The NO3 : org ratio of our ON factor is close to unity (Fig. 5), while for example Farmer et al. (2010) report a nitrogen-to-carbon ratio of 0.04, and oxygen-to-carbon of 0.25 for AMS spectra of organonitrate standards. However, several factors are likely to affect the NO3 : org ratio observable in atmospheric ON factorisations. Firstly, two different pathways for organonitrates exist: (i) the primarily daytime reactions of organic peroxy radicals with NO (Orlando and Tyndall, 2012), and (ii) the NO3-radical-initiated oxidation of unsaturated compounds during night-time (Peräkylä et al., 2014). While the nitrate functionality in all these reactions is identical, the organic part can be vastly different, as peroxy radicals are formed in almost all atmospheric oxidation reactions, irrespective of oxidant (e.g. OH or ozone) or VOC (biogenic or anthropogenic). Therefore, it is not to be expected that a specific organic spectrum should be linked to the organic nitrate functionality. Secondly, as described by Lee et al. (2016) for example, the particle-phase lifetime of organonitrates is of the order of hours with respect to hydrolysis. This reaction will convert the nitrate functionality to nitric acid, while the organic part remains intact, except for the conversion of the -ONO2 group to -OH. This conversion will only have a small impact on the volatility of the organic molecule (e.g. Kroll and Seinfeld, 2008), while the nitric acid may well evaporate in the fairly low-ammonia boreal forest environment. Taken together, the diverse formation pathways as well as the atmospheric processing are likely to cause ON spectra retrieved from ambient air factorisations to look different from, for example, freshly formed organic aerosol from organonitrate standards, such as those used by Farmer et al. (2010). We therefore avoid putting too much emphasis on the organic parts observed in our ON factor.
3.4 Outlier observations
During the course of our analysis we encountered some anomalous observations likely stemming from surface ionisation effects, i.e. molecules being thermally ionised at the heater surface rather than at the ionisation region by electron impact. A thorough review and discussion of AMS-related surface ionisation effects was recently published by Drewnick et al. (2015). Drewnick et al. (2015) emphasise that the division between refractory and non-refractory aerosol is not binary, and there exist a number of semi-refractory compounds that the AMS can measure, albeit non-quantitatively.
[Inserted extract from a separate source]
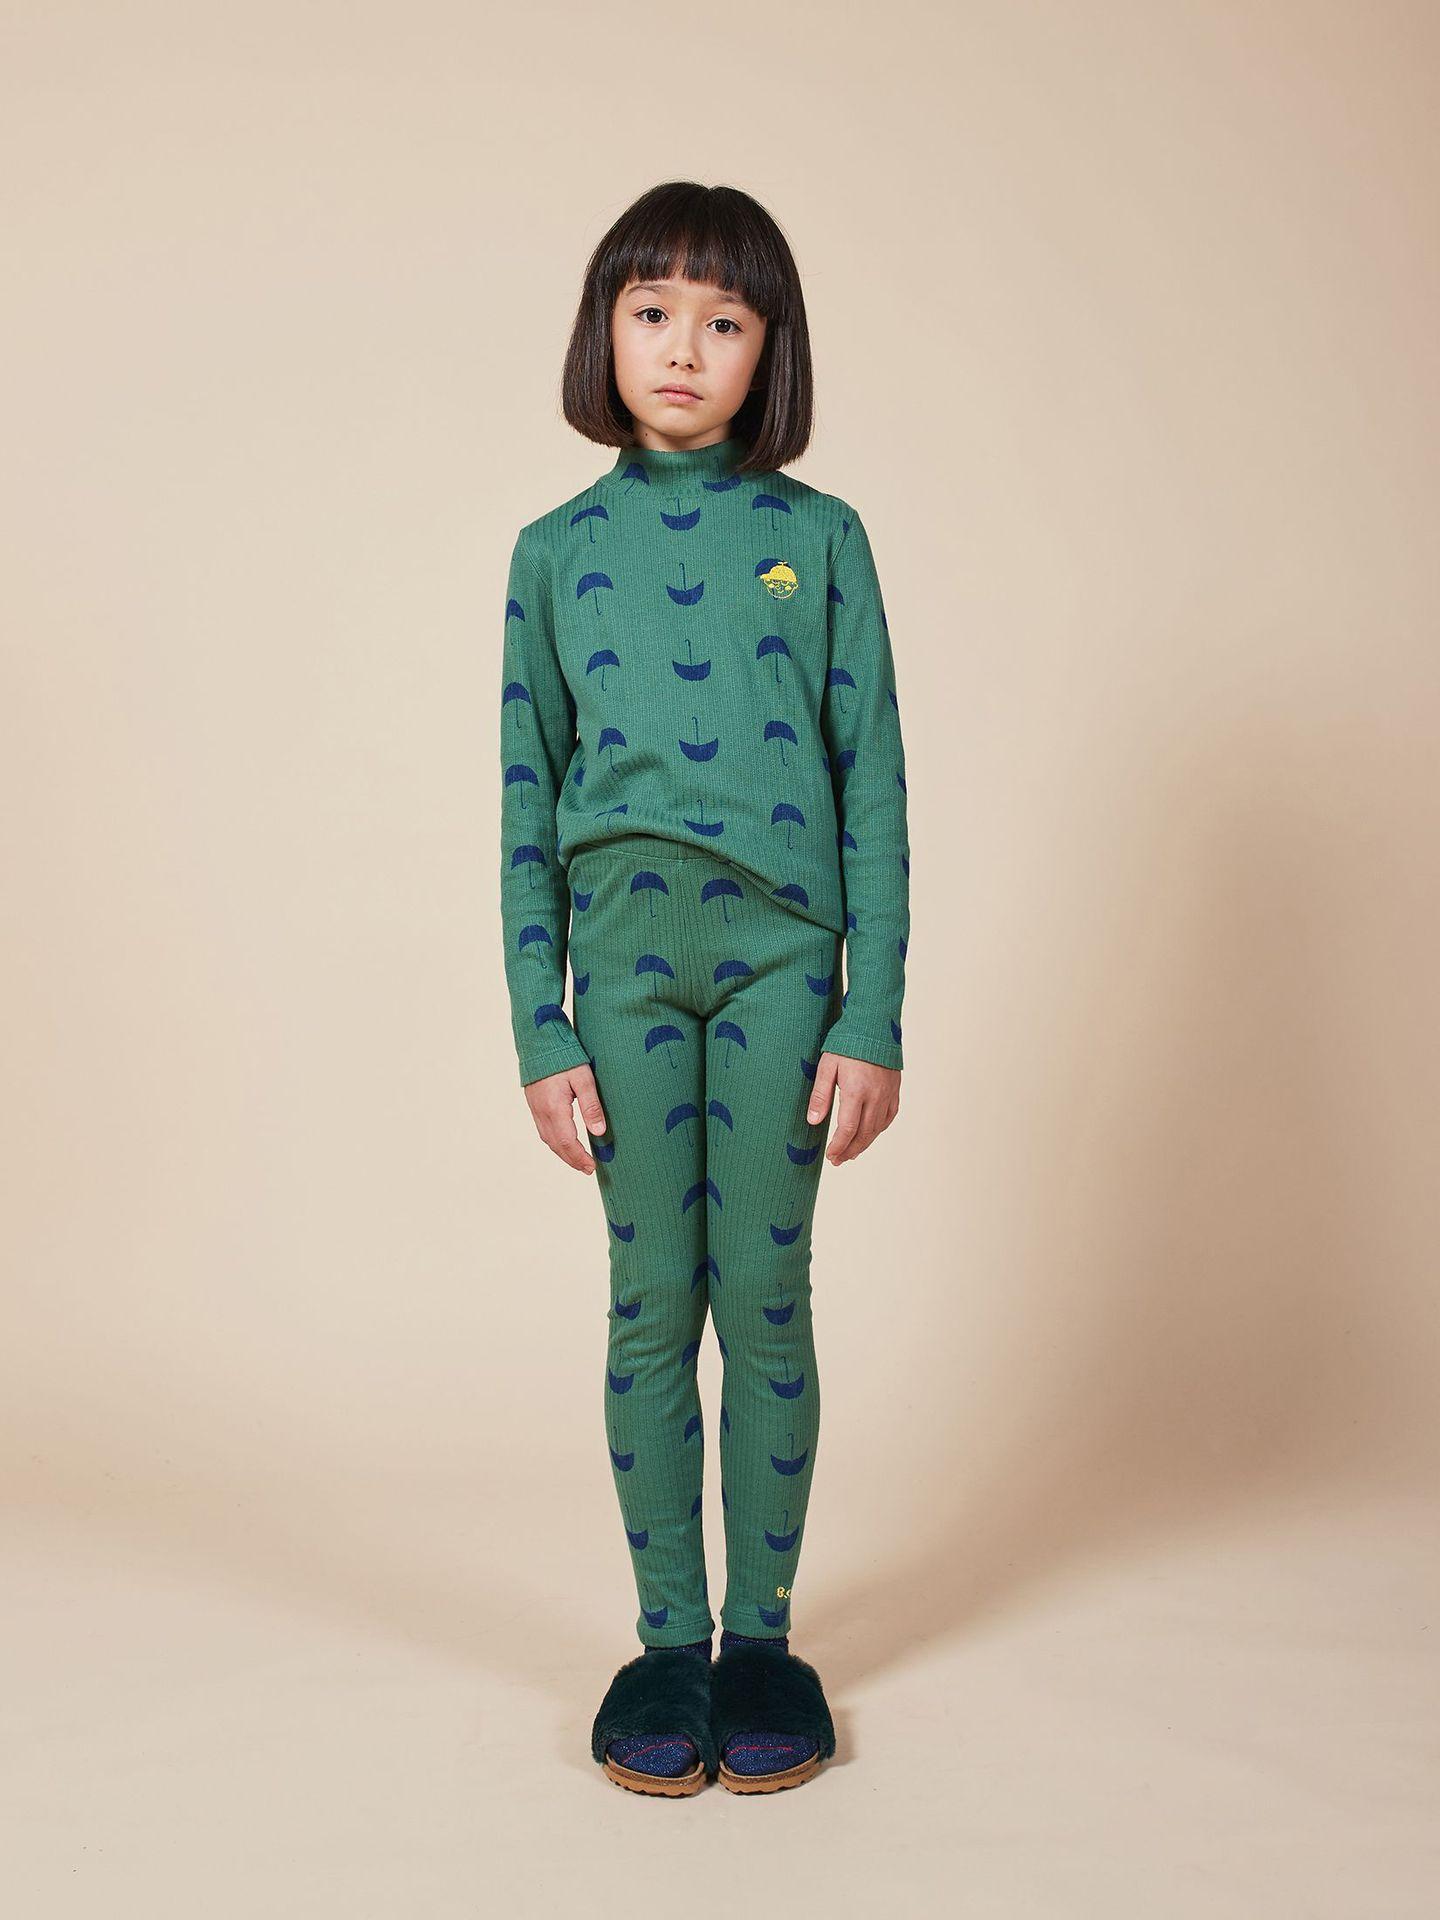 2020 Autumn Winter Girls Clothing Sets Pajama Sets Kids Clothes Vestidos  Long Sleeved T shirts+ Leggings Christmas Clothing 2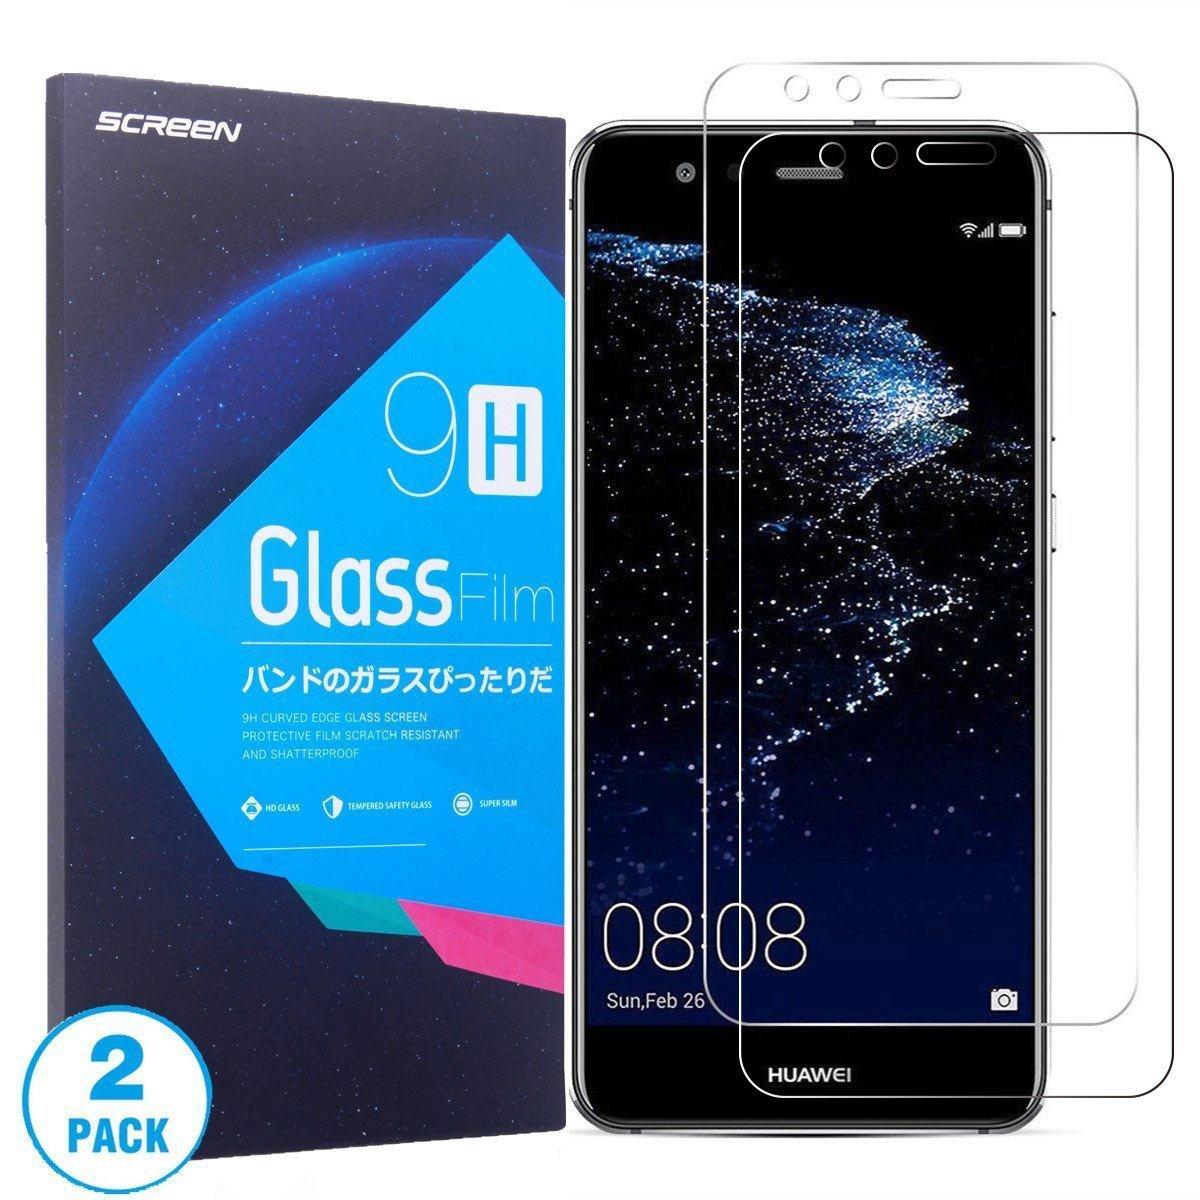 Huawei P10 Lite Protector de pantalla 2.1: Amazon.es: Electrónica

Our observations on extracted “outlier” PMF factors from the different phases of analysis match well with the finding and calculations of Drewnick et al. (2015), as well as other similar AMS observations published. In Fig. 12, we present the outlier clusters from phase I classification solution that were excluded from further analysis due to a low number of occurrences or/and questionable interpretability. The emergence of most of these spectra are likely attributable to over-resolution or questionable separation of the main PMF factors, due to setting the number of PMF factors to 10. Despite their questionable value for the main analysis, we find they contain many potentially interesting mass spectral features and seem not to emerge by chance. Below we will present some hypotheses on their possible interpretation.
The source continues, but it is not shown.